◆ INSTRUCTIONS FOR THE TASK: Once the line containing "Batoh Boss J20410 Black 09B" is reached, copy it and every line after it exactly, to the end of the material, without pictures.

◆ SOURCE DATA:

□ □ □ □

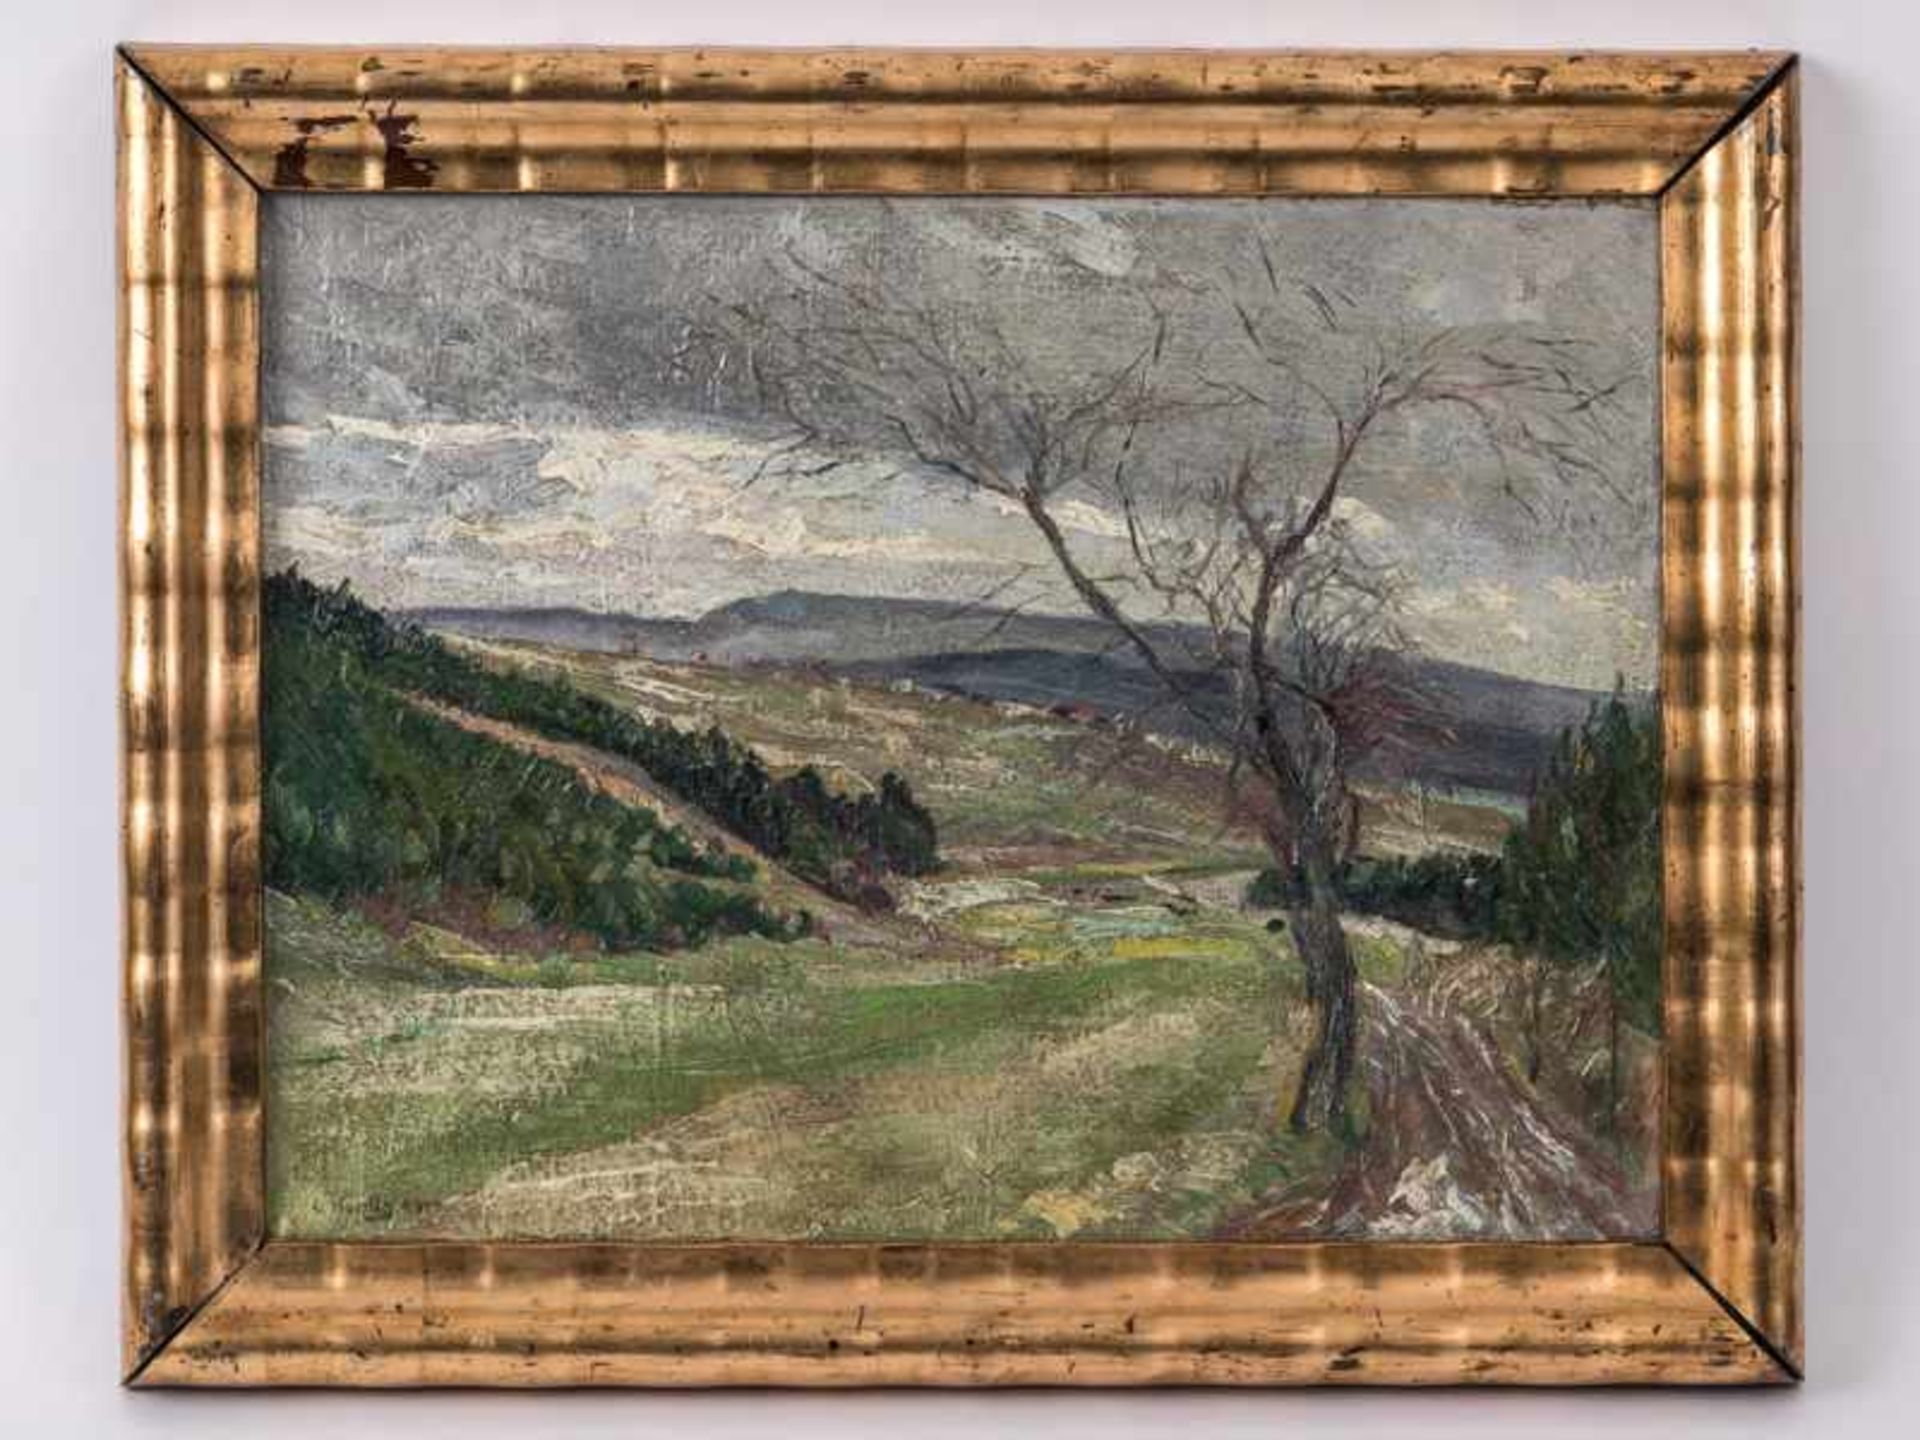 Höhlig, Georg (1879 - 1940). Öl auf Leinwand. "Landschaft bei Adorf", 1919 (bzw. 1929 ?);
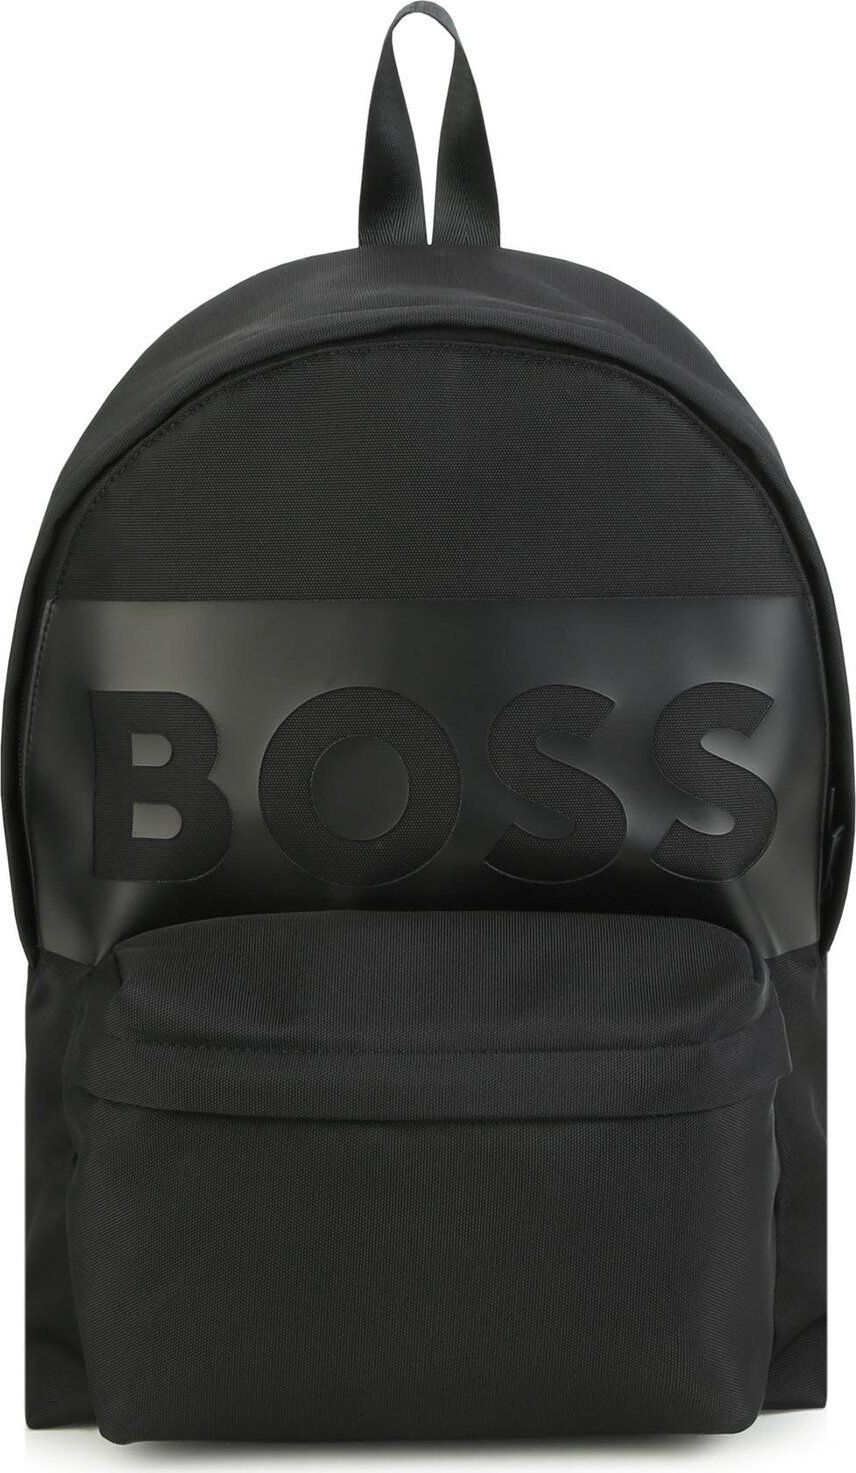 Batoh Boss J20410 Black 09B
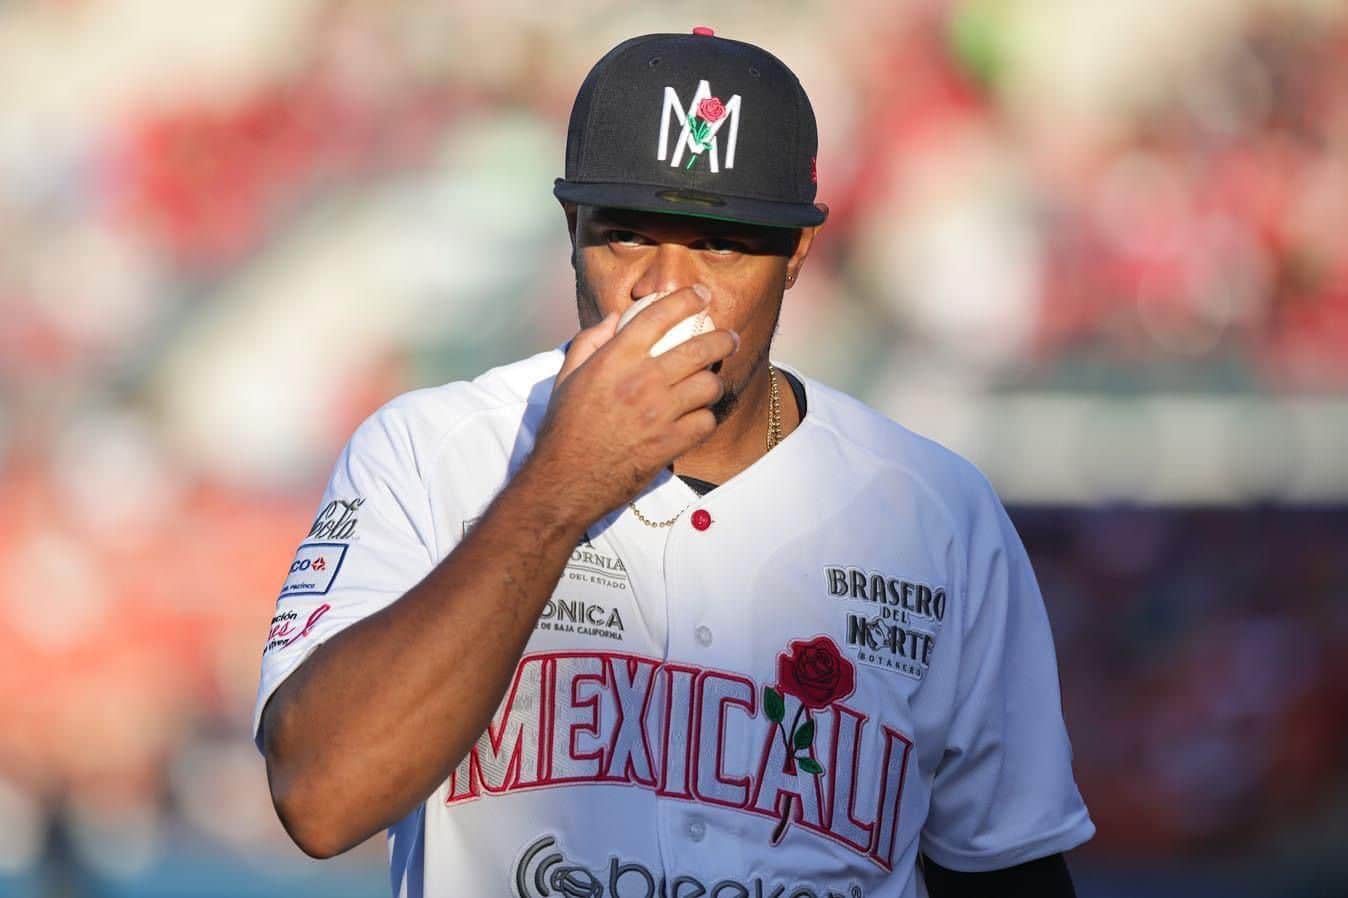 Adjuntos en la nota: Jugador-beisbol-venados-Mazatlán-Águilas-Mexicali |  Línea Directa

□ □ □ □

◆ OUTPUT:
 Batoh Boss J20410 Black 09B
 Adjuntos en la nota: Jugador-beisbol-venados-Mazatlán-Águilas-Mexicali |  Línea Directa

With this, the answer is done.